Another clinical condition that also represents an important issue to the nutritional disorders is the MNM (including vitamins and trace minerals deficiencies). From the public health point of view, MNM is a risk factor for many other acute and chronic diseases and can contribute to high rates of morbidity and even mortality. It has been estimated that micronutrient deficiencies account for about 7.3% of the global burden of disease, with iron and vitamin A deficiency ranking among the 15 leading causes of the global disease burden [11].

According to some authors, there is a close association between PEM/MNM and increased severity of infections by various infectious organisms [1217], including HIV/AIDS [18], tuberculosis [19], malaria [20], and leishmaniasis [2123]. Despite this new evidence about nutritional deficiencies and host immune response against protozoan, few studies have been developed about the T. cruzi infection. However, the distribution of T. cruzi infection overlaps regions with high prevalence of PEM, as we can see, for instance, in the study of De Andrade and Zicker [24].
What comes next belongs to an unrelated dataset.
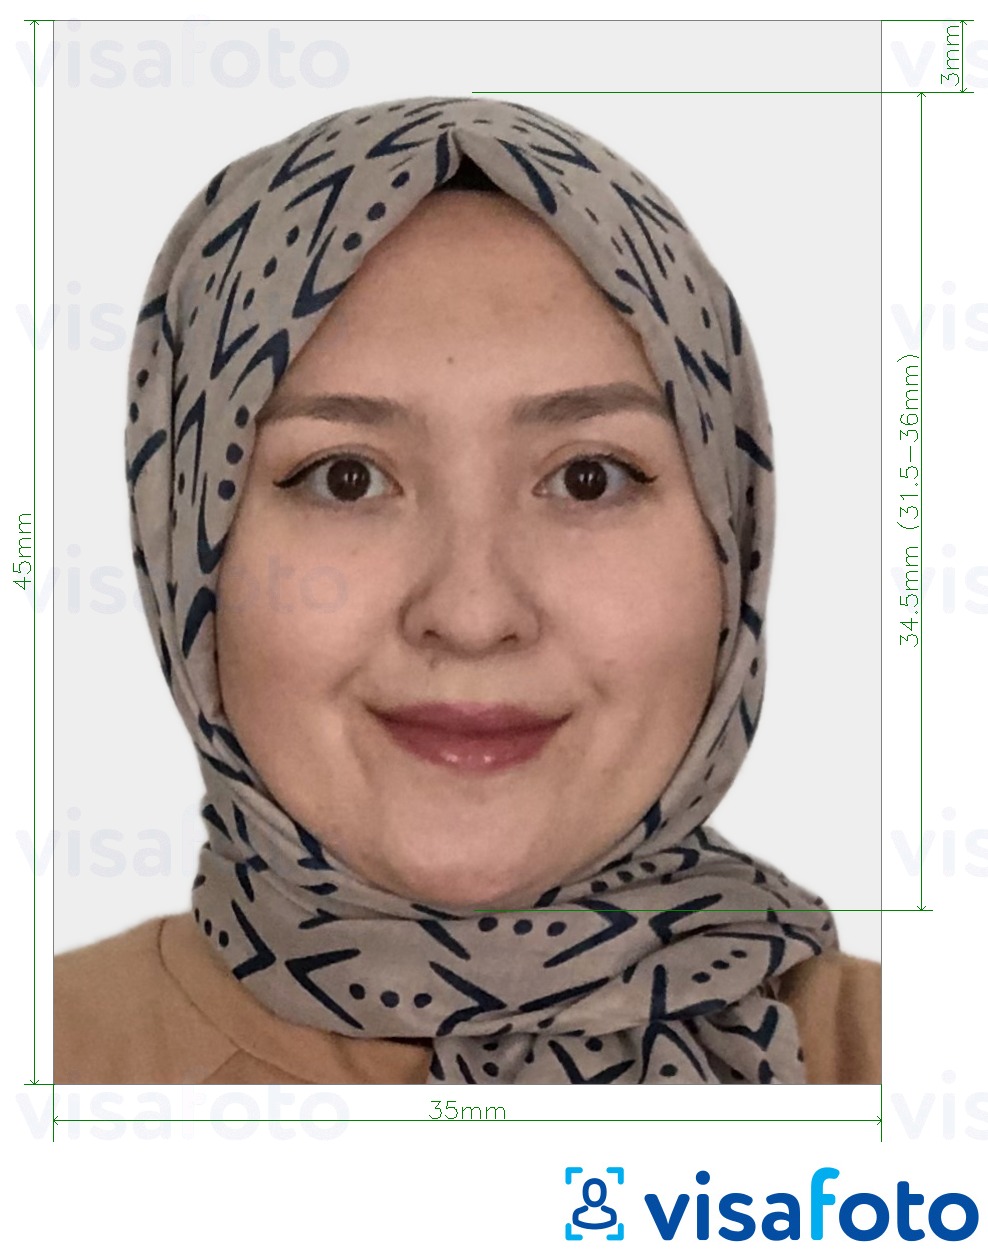 Ejemplo de foto para Indonesia Visa 35x45 mm (3.5x4.5 cm) con la especificación del tamaño exacto

Thus, the purpose of this paper is to provide an update on what is known about the synergy between Chagas disease and nutritional deficiencies (PMN and MNM), especially in experimental models, and discuss the main studies involving both diseases. Since nutritional deficiency and T. cruzi infection are frequent serious problems currently, we wonder whether a one-way dietary intervention might be useful to eliminate PMN and MNM and, indirectly, benefit T. cruzi-infected host mammalians under specific treatment or not.

2. Methodology

For this study, a bibliographical search was used, including empirical reports, reviews, comments, reports from professional associations, books, editorials, and annals of congresses published in diverse languages. The search of articles was conducted using the electronic databases of SciELO (Scientific Electronic Library Online), PubMed, and MEDLINE published between 1960 and March 2010. For selection of scientific papers, the following criteria were used: (i) papers about PEM, MNM, and Chagas disease, considering the specific aspects on these diseases; (ii) papers about the epidemiology and prevalence of PEM, MNM, and Chagas disease; (iii) studies published in specialized magazines with considerable impact. The following search terms were used on their own and in combination: “Chagas disease,” “Trypanosoma cruzi,” “malnutrition,” “protein-energy malnutrition,” “micronutrient malnutrition,” “protein deficiency”; “vitamins deficiency”; “iron deficiency,” “zinc deficiency” and “selenium deficiency”. All retrieved studies were evaluated by reading the abstracts; and full papers were retrieved for articles that could not be rejected based on abstract alone. References from the retrieved papers were also manually searched for additional relevant studies.

Descriptive studies were considered, those that described the epidemiology, prevalence, and pathology of Chagas disease and/or PEM/MNM. The studies on determination were considered, those that explored, directly or indirectly, the relationship between the PEM, MNM, and Chagas disease. Furthermore, studies that described the consequences of PEM and MNM on the immune system were also consulted to base the discussion.

3. Results and Discussion

3.1. Epidemiology, T. cruzi Infection, and Clinical Evolution: General Aspects

As revised by Coura and Dias [2], Chagas disease originated millions of years ago as an enzootic infection of wild animals and began to be transmitted to humans as an anthropozoonosis when man invaded wild ecotopes. While evidence of human infection has been found in mummies up to 9,000 years old, endemic Chagas disease became established as a zoonosis only in the last 200–300 years, as triatomines adapted to domestic environments [25]. The geographical distribution of Chagas disease, including its reservoirs and its vectors, extends from the Southern United States to Southern Argentina and Chile. Thus, it covers all Americas, and 90 million people in this region are exposed to infection. It is currently estimated that 15 million people present T. cruzi infection or carry the disease [2]. In Brazil, for example, recent data from the Brazilian Ministry of Health confirmed the occurrence of 2,476 cases (1,603 vectorial, 16 transfusional, and 7 transplacentary transmission, as well as 850 cases of nonidentified form of transmission) of acute Chagas disease from 2001 to 2006 with 95 deaths. Furthermore, recently the transmission of Chagas disease by oral route has gained evidence through the consumption of Açaí, the fruit of a palm of the family Aracaceae, especially among Amazonian population that consumes açaí juice daily. It is believed that the contamination occurs when inadvertently triatomines are crushed during processing releasing infective forms of parasites stationed in their stools. Besides, consumption of raw meat from infected mammalian sylvatic hosts is also described for Chagas oral transmission [26].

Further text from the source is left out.